Purkey v. State

494 S.W.2d 541 (1973)

James O. PURKEY, Jr., et al., Appellants,
v.
The STATE of Texas, Appellee.

No. 45862.

Court of Criminal Appeals of Texas.

May 16, 1973.

W. G. Walley, Jr., Walter M. Sekaly, Everett B. Lord, Beaumont, for appellants.

Tom Hanna, Dist. Atty., Dexter Patterson, Asst. Dist. Atty., Beaumont, Jim D. Vollers, State's Atty., and Robert A. Huttash, Asst. State's Atty., Austin, for the State.

OPINION

ROBERTS, Judge.

This is an appeal from a final judgment upon forfeiture of an appearance bond. Appellants are the sureties on the bond.

Appellants cite two points of error, only one of which we need consider. In their second point of error, appellants allege that though the State introduced into evidence the indictment, the bond, and the docket sheet, the judgment nisi was never tendered into evidence. Appellants' point is well taken. A review of the statement of facts reflects that the State never introduced the judgment nisi into evidence. The State concedes error.

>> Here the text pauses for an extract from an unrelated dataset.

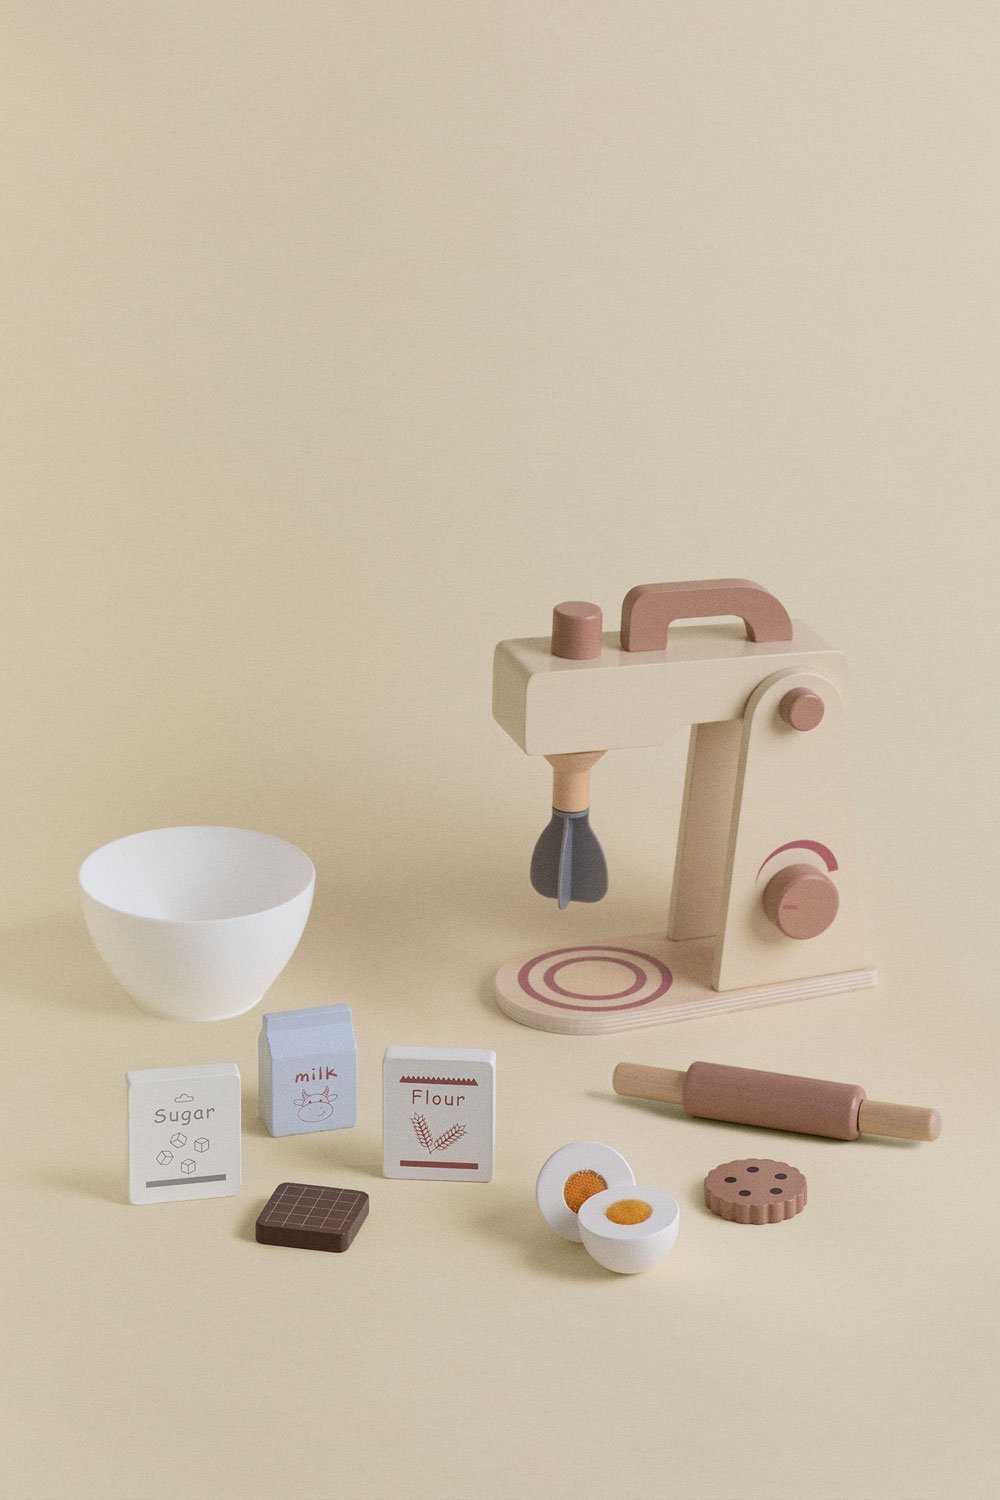 Mixeur de cuisine en bois - Set de pâtisserie pour enfant

The judgment nisi is a necessary and essential element of the State's cause of action in a bond forfeiture case, for without a judgment nisi there can be no final *542 judgment. Morgan et al. v. State, 157 Tex. Cr.R. 117, 247 S.W.2d 94 (1952); Hester et al. v. State, 15 White & W. 418 (1884); McWhorter et al. v. State, 14 White & W. 239 (1883); Houston v. State, 13 White & W. 560 (1883); Moreland v. State, 122 Tex. Crim. 452, 55 S.W.2d 1044, 1046 (1933); Nelson v. State, 44 Tex. Crim. 595, 73 S.W. 398 (1903); White et al. v. State, 101 Tex. Crim. 505, 276 S.W. 274 (1925).

The present cause is virtually identical to the situation faced by this Court in Morgan et al. v. State, supra. In both cases, the judgment nisi was never tendered into evidence though it was included in the record filed with this Court. That procedure is not proper.

Since the judgment nisi was not introduced into evidence, the proof is insufficient to support the final judgment.

The judgment is reversed and the cause remanded.